Connect Goose — Block’s open-source AI agent — to the local llama.cpp server instead of OpenAI. Run real agentic tasks fully offline.

Installation

brew install block-goose-cli

Configuration

Ran goose configure. Selected OpenAI as the provider (since llama.cpp exposes an OpenAI-compatible API), skipped the API key, and pointed the host and base path at the local server:

OPENAI_HOST:      http://localhost:8080
OPENAI_BASE_PATH: v1/chat/completions

Selected model: Qwen2.5-Coder-3B-Instruct-Q4_K_M.gguf

Config saved to ~/.config/goose/config.yaml.

First Test

Started a session with goose session and gave it a straightforward task:

Write a python script that takes in a number and multiply it by 1729 and return the answer

Goose returned a TypeScript block via execute_typescript — not Python, and no file was written. Time to respond: ~6s.

Two problems:

Wrong language (TypeScript instead of Python)
Tool call formatted as text output, not actually executed

Being More Explicit

Tried a more directive prompt:

Write a Python script to a file called multiply.py that takes a number as input, multiplies it by 1729, and prints the result. Use the write_file tool to save it.
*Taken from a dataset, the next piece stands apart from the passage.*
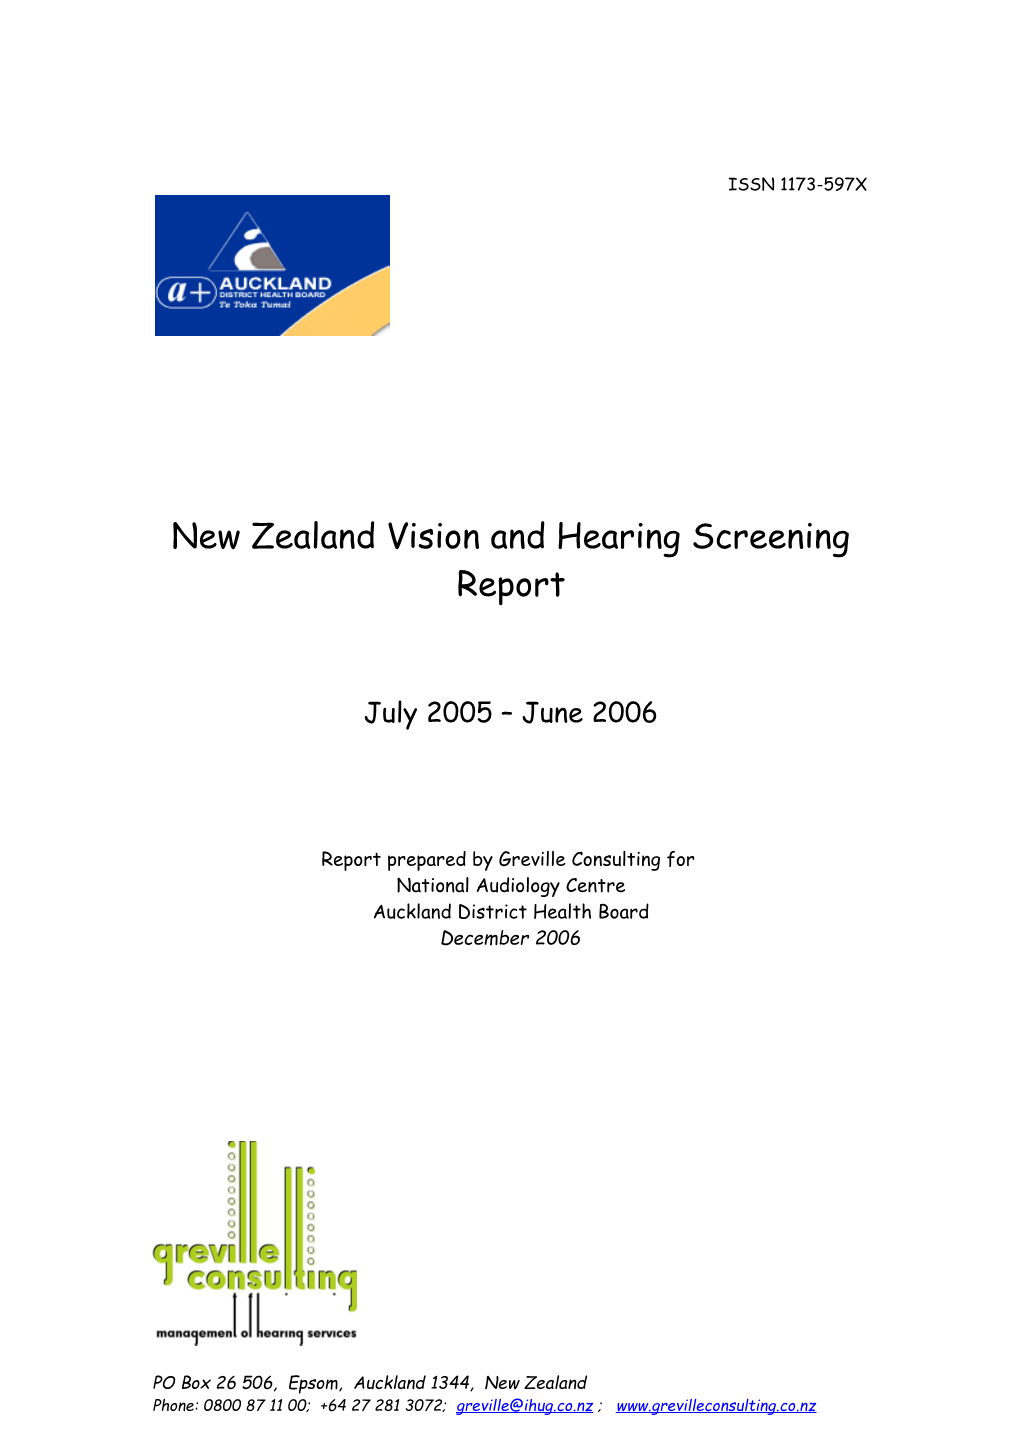 New Zealand Vision & Hearing Screening Report 2005/06

The model responded in 5.15s with:

{
  "name": "write",
  "arguments": {
    "path": "./multiply.py",
    "content": "def multiply_number():\n    number = int(input('Enter a number: '))\n    result = number * 1729\n    print('Result:', result)"
  }
}

Better — correct language, correct tool name, correct file path, correct number. One issue remains: the file still wasn’t on disk — Goose printed the tool call as text output rather than executing it.

What’s Actually Happening

The 3B model can format a tool call correctly when the prompt is explicit enough. It knows the shape of the answer. But it doesn’t close the loop — it outputs the JSON as a response rather than signaling to the Goose runtime that it wants to invoke a tool.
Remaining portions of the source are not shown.